COURT OF APPEAL FOR ONTARIO
CITATION: Balanyk v. Dutton Brock LLP, 2014 ONCA 122
DATE: 20140214
DOCKET: C55988
Gillese, Rouleau and Tulloch JJ.A.
BETWEEN
Elizabeth Balanyk
Appellant (Respondent)
and
Dutton Brock LLP
Respondent (Applicant)
Elizabeth Balanyk, acting in person
S. Alexandre Proulx, for the respondent
Heard: February 12, 2014
On appeal from the order of Justice Dale Parayeski of the Superior Court of Justice, dated September 7, 2012.
APPEAL BOOK ENDORSEMENT
[1] The appellant’s central submission is that the respondent law firm had no standing to bring the application because, in her submission they are a non-aggrieved third party.
[2] We disagree. Section 140 of the Courts of Justice Act does not restrict who can bring such an application. The policy reasons that the appellant advances for limiting who might have standing to bring such an application is a matter for the legislature and for the courts given the broad wording of the current section.

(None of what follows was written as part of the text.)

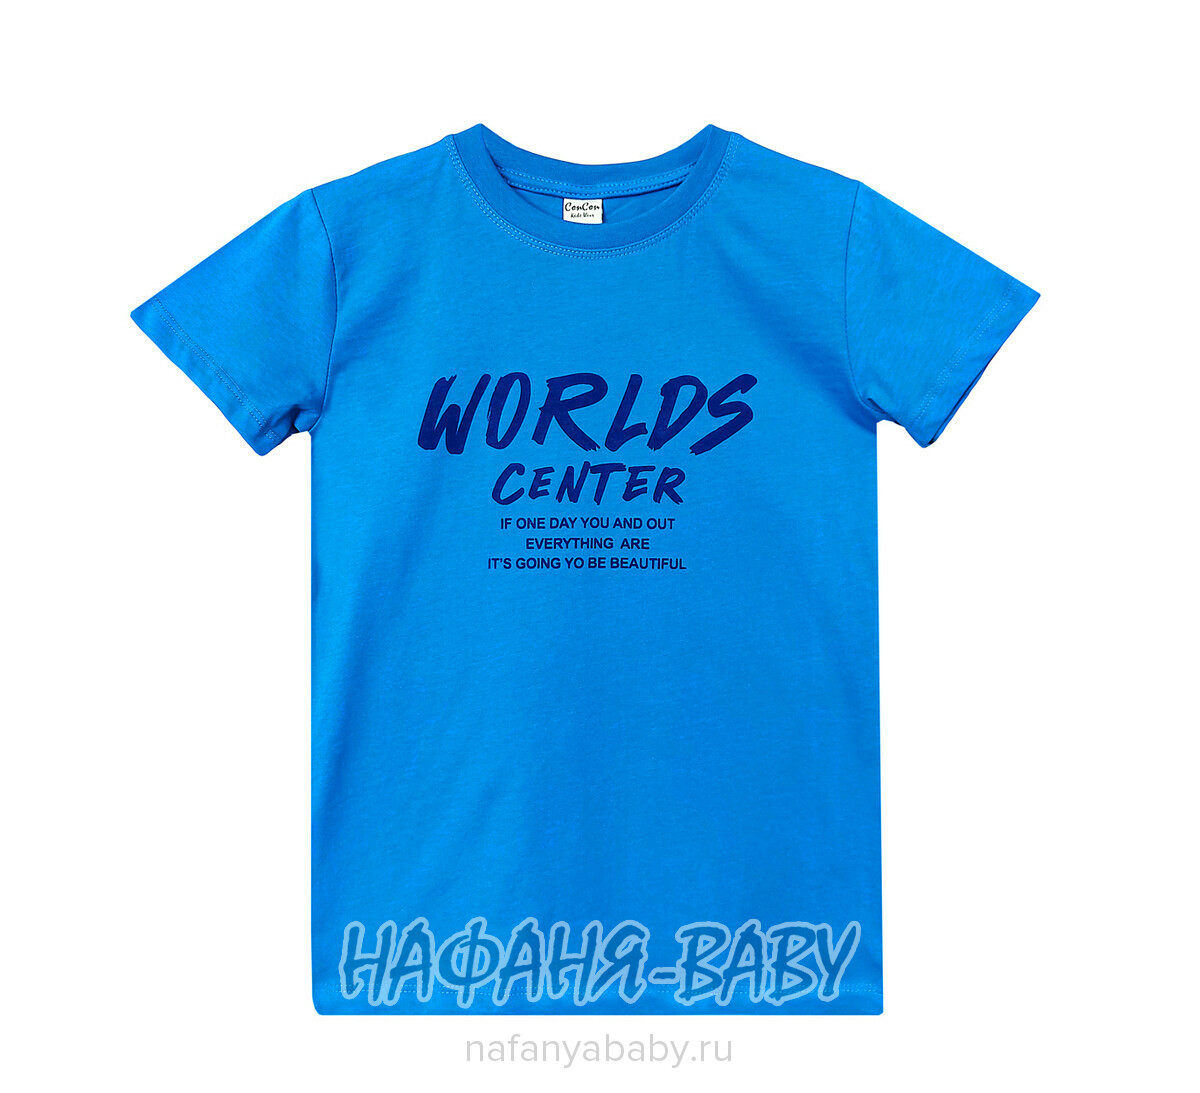 Подростковая футболка Con Con арт. 12085, 10-15 лет, цвет синий, оптом Турция

[3] As to the other grounds of appeal, we see no error in the application judge’s decision. He gave the appellant the opportunity to be heard and did not ground his reasons on the alleged number of outstanding action in St. Catharines or on the alleged number of pages contained in those files. Although he referred to the respondent’s materials in this regard and expressed a general concern, the application judge grounded his decision on repeated appearances in this court and several other observations made and contained in his reasons. In the application judge’s view, the record before him was sufficient to meet the threshold under the case law for declaring the appellant a vexatious litigant. His decision is entitled to deference and we see no basis to interfere.
[4] We do not consider the fresh evidence as having probative value and therefore dismiss both the appeal and the motion to file fresh evidence. Costs to the respondent fixed at $1,000 inclusive of HST and disbursements.